8. The strand pelletizer according to claim 5, wherein the at least one adjustment screw is mounted in a respective bushing arranged on the support body.

9. The strand pelletizer according to claim 6, wherein the respective spring element is arranged between the respective pin and a respective bushing fastened to the support body.

10. The strand pelletizer according to claim 1, comprising a first adjustment screw and a first pin which forms a first pivot axis and is displaceable by means of the first adjustment screw, comprising a second adjustment screw and a second pin which forms a second pivot axis and is displaceable by means of the second adjustment screw.

11. The strand pelletizer according to claim 1, comprising at least one fixing unit for fixing the base body and the support body to each other.

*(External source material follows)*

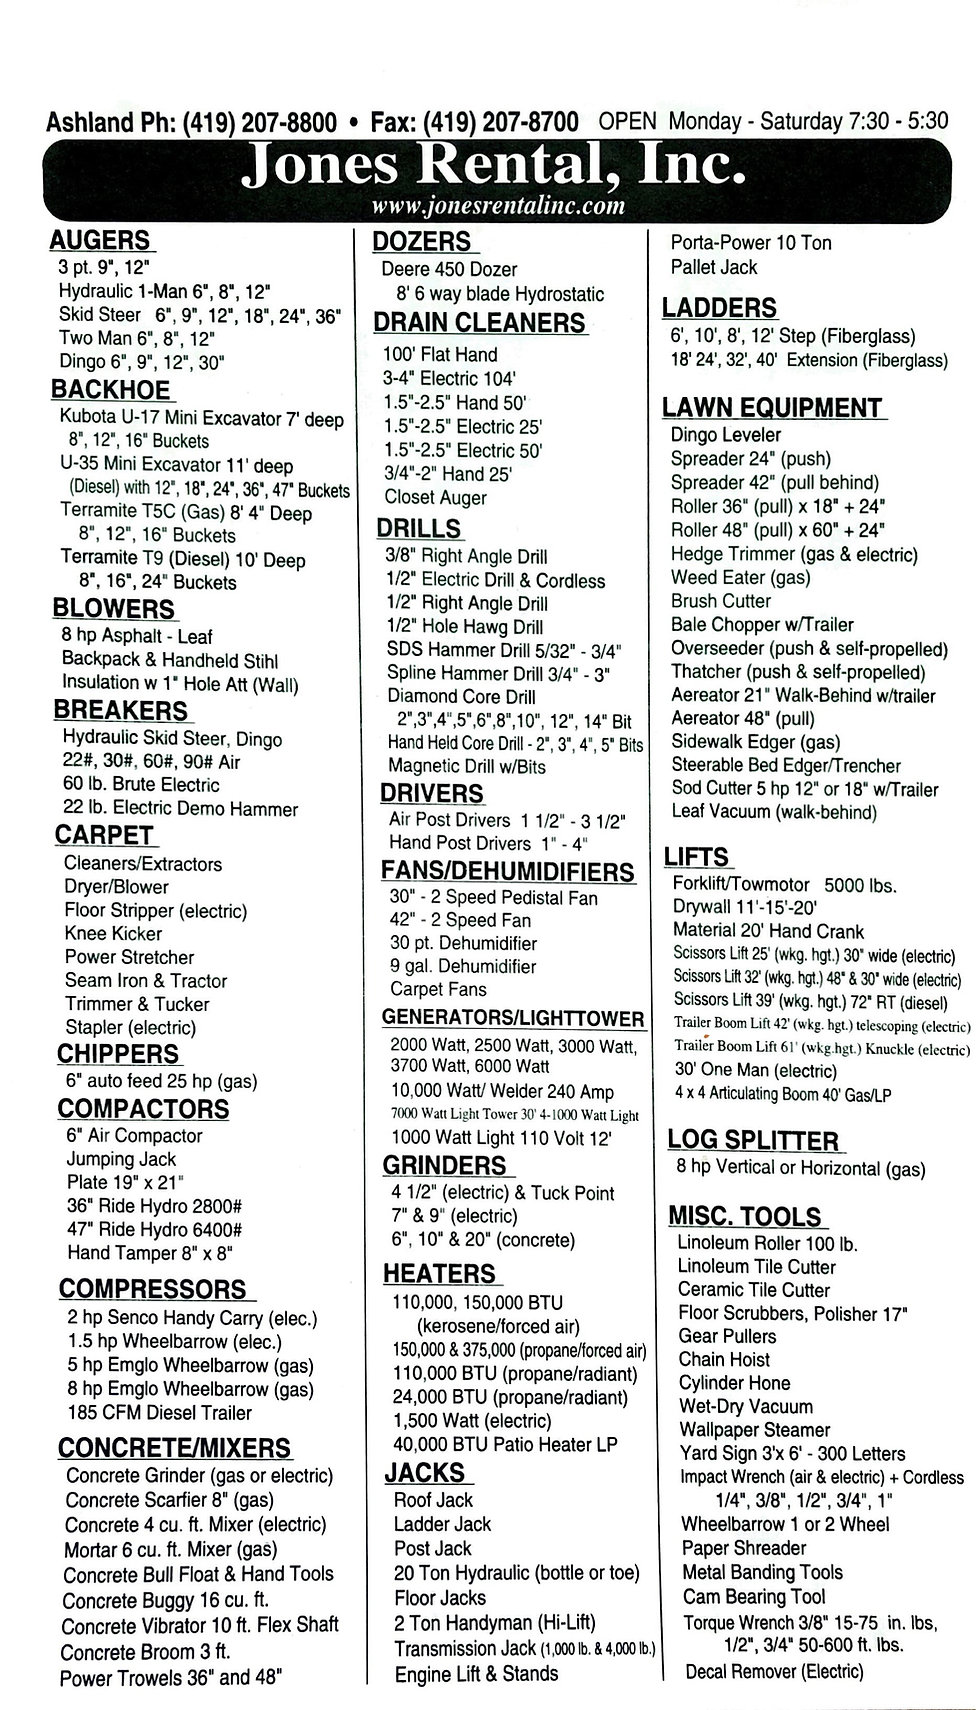 Jones Rental equipment rental and party rental options.

12. A method for adjusting a cutting gap of a strand pelletizer comprising the steps of: providing a strand pelletizer for pelletizing a strand of material with at least one cutting edge, an opposite cutting edge, wherein the opposite cutting edge is arranged on a base body and the base body is displaceable relative to a support body for adjusting the opposite cutting edge, and a feeding device for feeding a material strand into a cutting gap between the at least one cutting edge and the opposite cutting edge, wherein the base body is linearly displaceable relative to the support body, wherein the base body is pivotable relative to the support body about at least one pivot axis, and at least one of linearly displacing the base body relative to the support body and pivoting of the base body relative to the support body about at least one pivot axis for adjusting the cutting gap.

Description

[0022] Further features, advantages and details of the invention will be apparent from the following description of an embodiment, in which:

[0023] FIG. 1 shows a schematic side view of a strand pelletizer for pelletizing a strand of material in a cutting gap formed by a cutting rotor and an opposite cutting edge,

[0024] FIG. 2 shows a perspective view of an adjustment device for adjusting the opposite cutting edge and the associated cutting gap,

[0025] FIG. 3 shows a first side view of the adjustment device,

[0026] FIG. 4 shows a first section through the adjustment device along the section line IV-IV in FIG. 3,

[0027] FIG. 5 shows a second side view of the adjustment device,

[0028] FIG. 6 shows a second section through the adjustment device along the section line VI-VI in FIG. 5, and

[0029] FIG. 7 shows a top view of the adjustment device.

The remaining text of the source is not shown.